Saturday, December 18, 2021

Merry Christmas, Jack!

Jack taking a short break
in Santa's chair inside
chapel car 5 Messenger 
of Peace.
Jack Christensen has had a long railroad career.  He began as an engine wiper for the Northern Pacific Railway in the Auburn roundhouse.  He first operated a steam locomotive on Christmas Eve 1943 when he was just 16 years old.  16?  Yes, apparently the locomotive engineer called for the Auburn yard had been at a party and wasn't fit for duty.  During WW II there were labor shortages everywhere and Jack was the only person fit and available to run a locomotive.  So with a little encouragement and guidance, he was called upon to run a switcher in the Auburn Yard for several hours.  Jack went on to experience a long career with the Northern Pacific Railway, the Burlington Northern Railroad, and then the BNSF Railway, as a fireman, engineer, road foreman, and more.  He retired in 1999.  Along the way he became an accomplished artist.

Walla Walla Valley Railway 770  
as the King Street switcher in the
For more than 20 years, Jack has been painting the annual greeting card for the Northwest Railway Museum.  (This year, members received a greeting card featuring Jack's painting of the 770.  This locomotive is in the Museum's collection and moved to Snoqualmie in November 2021.)  The Snoqualmie Depot, 924, the rotary snowplow, and many other artifacts have become the subject   of Jack's many carefully researched works of art. 

Jack and Mary on the 
deck of 924.
Jack remains active in the Northern Pacific Railway Historical Association, and has been closely following the Northwest Railway Museum's restoration of steam locomotive 924.  During Santa Train 2021 Jack got a little surprise: he had an opportunity to see the 924 operate.  It was a damp December morning when his daughter Mary - herself an accomplished museum professional at the Museum of Flight in Seattle - drove Jack to Snoqualmie to see the 924 under steam.  It had been a few decades since Jack had been on a "hot" steam locomotive, but when he was invited to board the 924, this spry 95-year-old was up the ladder like a new hire.

Jack on the right side of
the cab, where he belongs! 
Jack enjoyed seeing and hearing the 924 "bake a cake" and when he was invited to engineer the 924 into the siding, he lit up and quickly made his way into the cab.  A few minutes later, he had the Johnson bar in position, the cylinder cocks open, and the throttle slowly admitting steam to the cylinders.  The 924 quickly sprung to life and an unmistakable grin appeared on Jack's face.  How many people in the world today can say their steam experience spans nearly 80 years?

Enjoying the moment.
Mr.
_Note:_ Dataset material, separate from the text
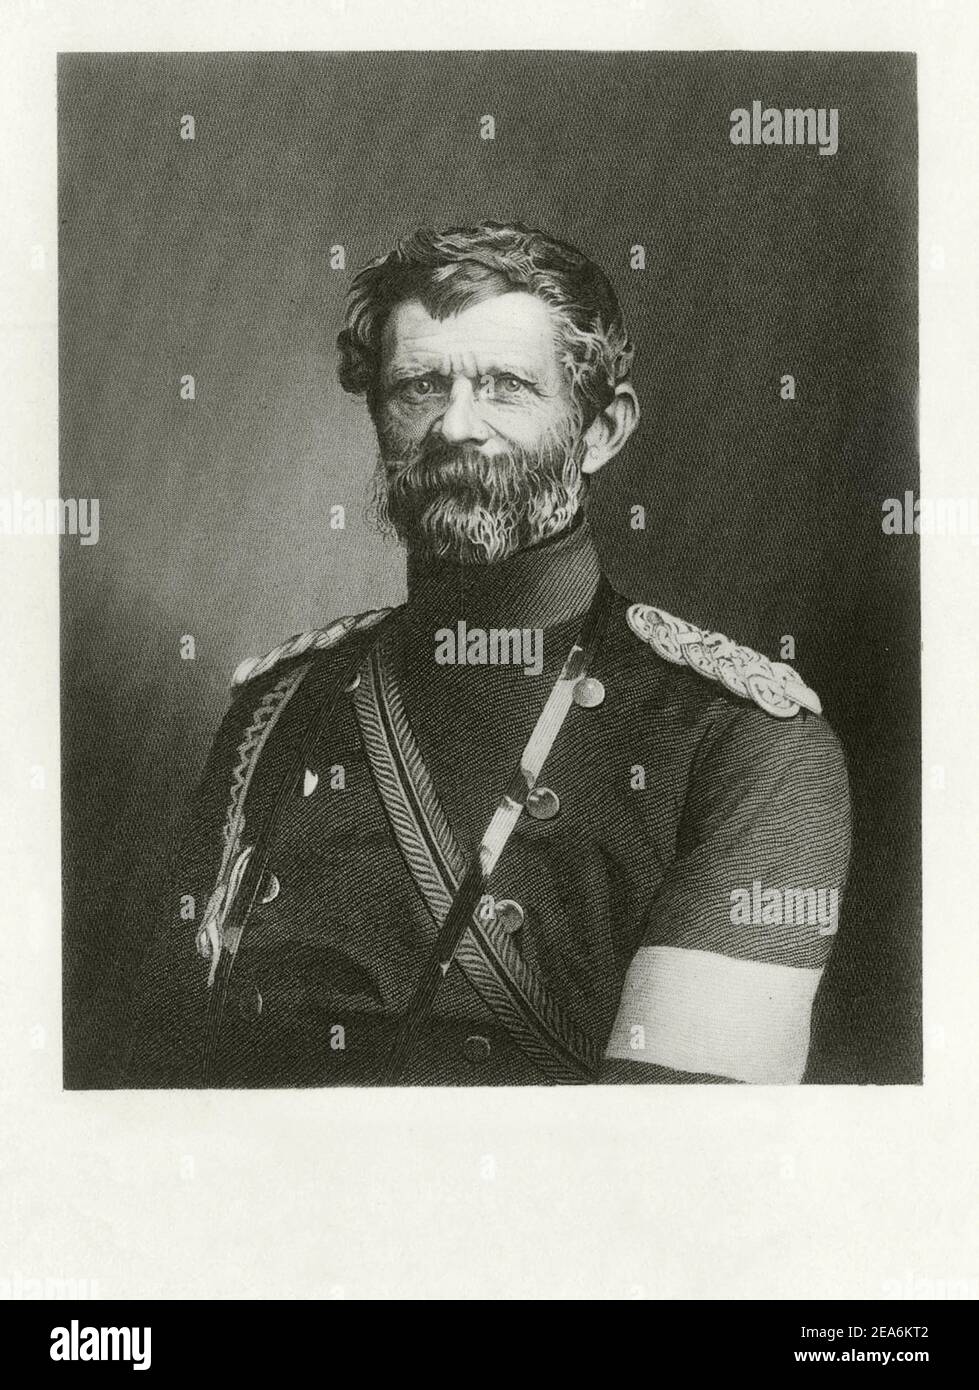 Edwin Karl Rochus Freiherr von Manteuffel (1809 – 1885) was a Prussian Generalfeldmarschall noted for his victories in the Franco-Prussian War. Stock Photo

Christensen: thank you for all the beautiful artwork that has raised awareness about the 924 project, supported ongoing fundraising, and given enjoyment to thousands.  Merry Christmas, Jack!


David said...

Wow! 95 years old and still in he lives and loves trains! Nice story! Take Care, Big Daddy Dave

Sierra said...

We got the greeting card in the mail and my 6 year old son has it proudly displayed in his room. His favorite is currently the switcher. Thank you so much.

Unknown said...

I love this! I'm happy to have come across this great story. Thank Jack, you made me smile today!